What to do about artifacts#

There are 3 basic options when faced with artifacts in your recordings:

  1. Ignore the artifact and carry on with analysis

  2. Exclude the corrupted portion of the data and analyze the remaining data

  3. Repair the artifact by suppressing artifactual part of the recording while (hopefully) leaving the signal of interest intact

There are many different approaches to repairing artifacts, and MNE-Python includes a variety of tools for artifact repair, including digital filtering, independent components analysis (ICA), Maxwell filtering / signal-space separation (SSS), and signal-space projection (SSP). Separate tutorials demonstrate each of these techniques for artifact repair. Many of the artifact repair techniques work on both continuous (raw) data and on data that has already been epoched (though not necessarily equally well); some can be applied to memory-mapped data while others require the data to be copied into RAM. Of course, before you can choose any of these strategies you must first detect the artifacts, which is the topic of the next section.

Artifact detection#

MNE-Python includes a few tools for automated detection of certain artifacts (such as heartbeats and blinks), but of course you can always visually inspect your data to identify and annotate artifacts as well.

We saw in the introductory tutorial that the example data includes SSP projectors, so before we look at artifacts let’s set aside the projectors in a separate variable and then remove them from the Raw object using the del_proj() method, so that we can inspect our data in it’s original, raw state:

Measurement date December 03, 2002 19:01:10 GMT
Experimenter MEG
Participant Unknown
Digitized points 146 points
Good channels 204 Gradiometers, 102 Magnetometers, 9 Stimulus, 60 EEG, 1 EOG
Bad channels MEG 2443, EEG 053
EOG channels EOG 061
ECG channels Not available
Sampling frequency 600.61 Hz
Highpass 0.10 Hz
Lowpass 172.18 Hz
Filenames sample_audvis_raw.fif
Duration 00:01:01 (HH:MM:SS)


Low-frequency drifts#

Low-frequency drifts are most readily detected by visual inspection using the basic plot() method, though it is helpful to plot a relatively long time span and to disable channel-wise DC shift correction. Here we plot 60 seconds and show all the magnetometer channels:

mag_channels = mne.pick_types(raw.info, meg="mag")
raw.plot(duration=60, order=mag_channels, n_channels=len(mag_channels), remove_dc=False)
Raw plot

Low-frequency drifts are readily removed by high-pass filtering at a fairly low cutoff frequency (the wavelength of the drifts seen above is probably around 20 seconds, so in this case a cutoff of 0.1 Hz would probably suppress most of the drift).

Power line noise#

Power line artifacts are easiest to see on plots of the spectrum, so we’ll use plot_psd() to illustrate.
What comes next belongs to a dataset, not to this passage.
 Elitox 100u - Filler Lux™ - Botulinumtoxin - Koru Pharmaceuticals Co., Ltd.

fig = raw.compute_psd(tmax=np.inf, fmax=250).plot(
    average=True, picks="data", exclude="bads"
)
# add some arrows at 60 Hz and its harmonics:
for ax in fig.axes[1:]:
    freqs = ax.lines[-1].get_xdata()
    psds = ax.lines[-1].get_ydata()
    for freq in (60, 120, 180, 240):
        idx = np.searchsorted(freqs, freq)
        ax.arrow(
            x=freqs[idx],
            y=psds[idx] + 18,
            dx=0,
            dy=-12,
            color="red",
            width=0.1,
            head_width=3,
            length_includes_head=True,
        )
EEG, Gradiometers, Magnetometers
Effective window size : 3.410 (s)

Here we see narrow frequency peaks at 60, 120, 180, and 240 Hz — the power line frequency of the USA (where the sample data was recorded) and its 2nd, 3rd, and 4th harmonics. Other peaks (around 25 to 30 Hz, and the second harmonic of those) are probably related to the heartbeat, which is more easily seen in the time domain using a dedicated heartbeat detection function as described in the next section.
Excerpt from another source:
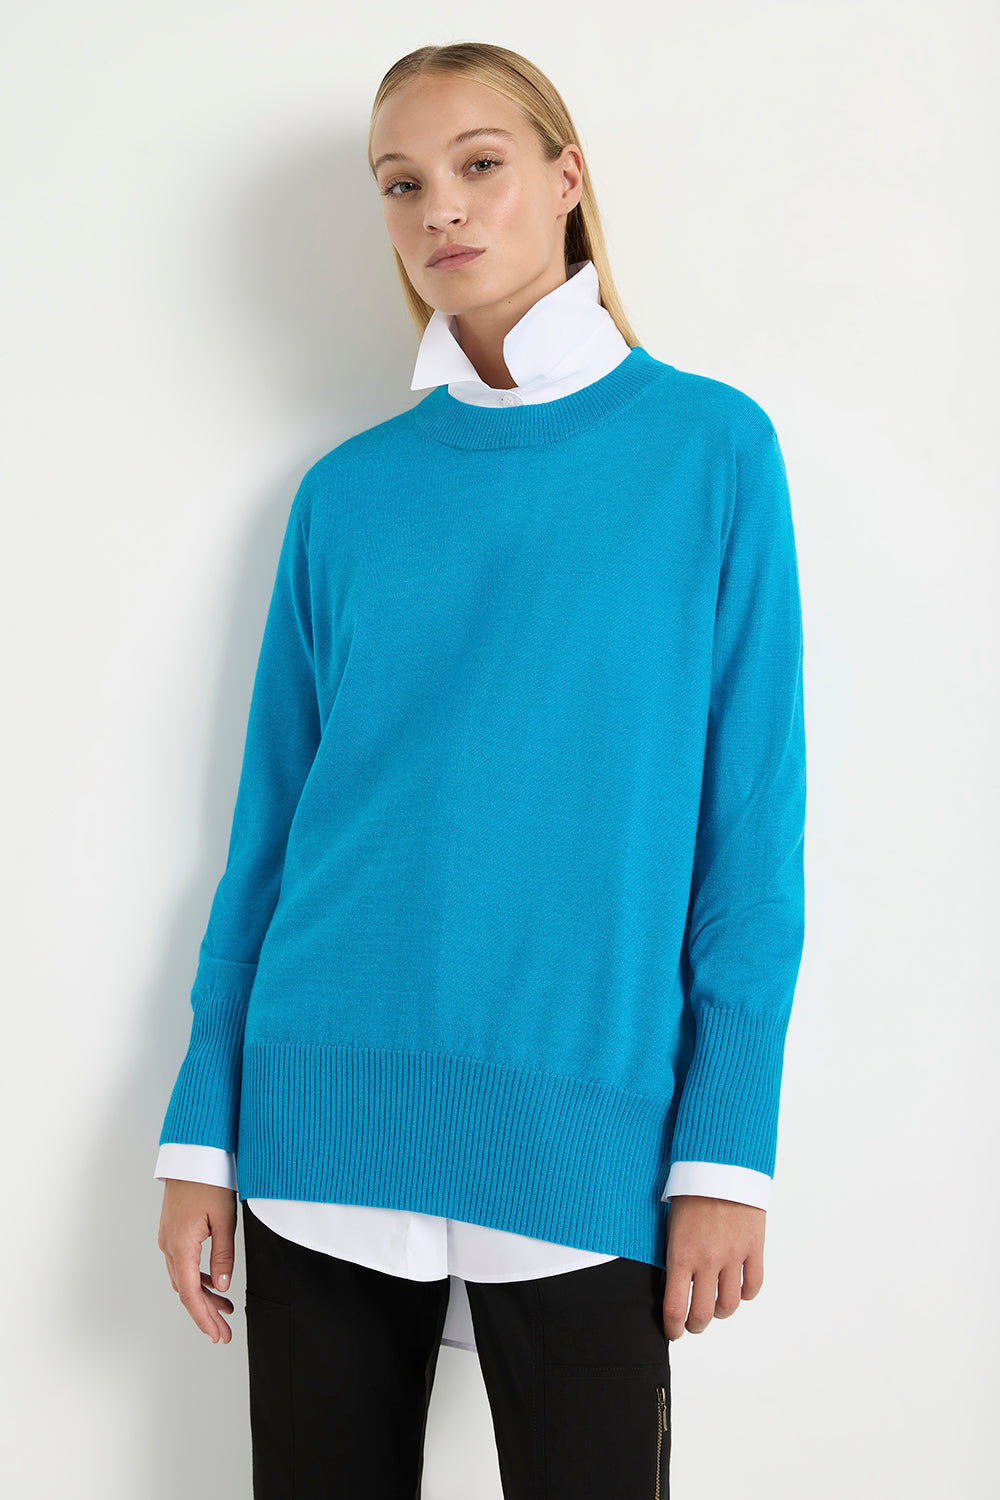 Mela Purdie Pace Sweater in Jewel F13 9290

Heartbeat artifacts (ECG)#

MNE-Python includes a dedicated function find_ecg_events() in the mne.preprocessing submodule, for detecting heartbeat artifacts from either dedicated ECG channels or from magnetometers (if no ECG channel is present). Additionally, the function create_ecg_epochs() will call find_ecg_events() under the hood, and use the resulting events array to extract epochs centered around the detected heartbeat artifacts. Here we create those epochs, then show an image plot of the detected ECG artifacts along with the average ERF across artifacts. We’ll show all three channel types, even though EEG channels are less strongly affected by heartbeat artifacts:

  • EEG (mean)
  • Magnetometers (mean)
  • Gradiometers (mean)
Reconstructing ECG signal from Magnetometers
Setting up band-pass filter from 8 - 16 Hz

FIR filter parameters
---------------------
Designing a two-pass forward and reverse, zero-phase, non-causal bandpass filter:
- Windowed frequency-domain design (firwin2) method
- Hann window
- Lower passband edge: 8.00
- Lower transition bandwidth: 0.50 Hz (-12 dB cutoff frequency: 7.75 Hz)
- Upper passband edge: 16.00 Hz
- Upper transition bandwidth: 0.50 Hz (-12 dB cutoff frequency: 16.25 Hz)
- Filter length: 6007 samples (10.001 s)

Number of ECG events detected : 59 (average pulse 58 / min.)
Not setting metadata
59 matching events found
No baseline correction applied
Using data from preloaded Raw for 59 events and 601 original time points ...
0 bad epochs dropped
Not setting metadata
59 matching events found
No baseline correction applied
0 projection items activated
Not setting metadata
59 matching events found
No baseline correction applied
0 projection items activated
Not setting metadata
59 matching events found
No baseline correction applied
0 projection items activated
combining channels using "mean"
combining channels using "mean"
combining channels using "mean"

The horizontal streaks in the magnetometer image plot reflect the fact that the heartbeat artifacts are superimposed on low-frequency drifts like the one we saw in an earlier section; to avoid this you could pass baseline=(-0.5, -0.2) in the call to create_ecg_epochs(). You can also get a quick look at the ECG-related field pattern across sensors by averaging the ECG epochs together via the average() method, and then using the mne.Evoked.plot_topomap() method:

avg_ecg_epochs = ecg_epochs.average().apply_baseline((-0.5, -0.2))
NOTE: pick_channels() is a legacy function. New code should use inst.pick(...).
Applying baseline correction (mode: mean)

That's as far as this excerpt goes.